BEGIN Entries provided

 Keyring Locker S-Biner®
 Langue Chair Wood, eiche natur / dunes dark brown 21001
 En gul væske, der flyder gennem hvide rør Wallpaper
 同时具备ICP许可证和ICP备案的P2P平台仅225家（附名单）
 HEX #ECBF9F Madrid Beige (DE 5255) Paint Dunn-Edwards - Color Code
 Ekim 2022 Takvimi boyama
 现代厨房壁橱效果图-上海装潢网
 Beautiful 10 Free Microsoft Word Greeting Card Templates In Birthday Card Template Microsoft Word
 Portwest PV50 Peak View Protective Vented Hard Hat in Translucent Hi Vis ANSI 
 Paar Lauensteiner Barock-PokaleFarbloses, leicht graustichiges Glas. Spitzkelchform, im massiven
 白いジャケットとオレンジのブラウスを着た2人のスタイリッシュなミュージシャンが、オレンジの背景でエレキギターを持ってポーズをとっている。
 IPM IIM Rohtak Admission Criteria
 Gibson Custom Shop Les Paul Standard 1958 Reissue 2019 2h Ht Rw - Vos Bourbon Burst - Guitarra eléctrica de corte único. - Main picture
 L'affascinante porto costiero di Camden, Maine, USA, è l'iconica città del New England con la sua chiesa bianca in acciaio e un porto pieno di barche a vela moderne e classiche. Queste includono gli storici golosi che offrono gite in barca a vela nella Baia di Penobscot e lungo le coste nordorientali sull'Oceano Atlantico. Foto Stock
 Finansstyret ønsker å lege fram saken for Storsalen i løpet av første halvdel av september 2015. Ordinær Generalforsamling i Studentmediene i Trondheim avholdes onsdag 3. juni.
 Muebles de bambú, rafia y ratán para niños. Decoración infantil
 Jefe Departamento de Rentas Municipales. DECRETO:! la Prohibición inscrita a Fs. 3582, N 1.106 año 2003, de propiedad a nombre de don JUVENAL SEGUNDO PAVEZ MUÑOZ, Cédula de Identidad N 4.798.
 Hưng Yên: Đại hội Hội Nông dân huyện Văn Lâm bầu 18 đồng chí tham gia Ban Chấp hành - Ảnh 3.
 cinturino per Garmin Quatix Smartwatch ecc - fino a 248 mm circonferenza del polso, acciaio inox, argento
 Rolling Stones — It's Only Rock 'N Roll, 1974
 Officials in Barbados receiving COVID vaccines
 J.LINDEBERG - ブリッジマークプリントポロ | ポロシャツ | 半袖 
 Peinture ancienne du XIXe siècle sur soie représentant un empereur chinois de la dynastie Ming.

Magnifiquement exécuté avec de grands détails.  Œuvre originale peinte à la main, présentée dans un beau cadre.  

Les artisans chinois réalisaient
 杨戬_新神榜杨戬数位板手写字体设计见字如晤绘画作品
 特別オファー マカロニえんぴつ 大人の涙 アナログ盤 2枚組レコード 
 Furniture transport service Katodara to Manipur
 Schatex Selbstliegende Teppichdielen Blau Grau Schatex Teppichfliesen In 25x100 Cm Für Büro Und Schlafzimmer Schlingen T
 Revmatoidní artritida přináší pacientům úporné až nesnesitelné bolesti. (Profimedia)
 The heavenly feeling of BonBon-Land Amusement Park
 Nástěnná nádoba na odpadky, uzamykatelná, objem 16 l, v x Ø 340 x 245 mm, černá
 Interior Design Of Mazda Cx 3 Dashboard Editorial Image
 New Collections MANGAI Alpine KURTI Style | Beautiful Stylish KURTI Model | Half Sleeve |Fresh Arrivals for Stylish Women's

END Entries provided

» Your task
Your output should be an exact copy of the lines from the top of the listing above to the line with "白いジャケットとオレンジのブ", both ends included.

» Exercise answer
 Keyring Locker S-Biner®
 Langue Chair Wood, eiche natur / dunes dark brown 21001
 En gul væske, der flyder gennem hvide rør Wallpaper
 同时具备ICP许可证和ICP备案的P2P平台仅225家（附名单）
 HEX #ECBF9F Madrid Beige (DE 5255) Paint Dunn-Edwards - Color Code
 Ekim 2022 Takvimi boyama
 现代厨房壁橱效果图-上海装潢网
 Beautiful 10 Free Microsoft Word Greeting Card Templates In Birthday Card Template Microsoft Word
 Portwest PV50 Peak View Protective Vented Hard Hat in Translucent Hi Vis ANSI 
 Paar Lauensteiner Barock-PokaleFarbloses, leicht graustichiges Glas. Spitzkelchform, im massiven
 白いジャケットとオレンジのブラウスを着た2人のスタイリッシュなミュージシャンが、オレンジの背景でエレキギターを持ってポーズをとっている。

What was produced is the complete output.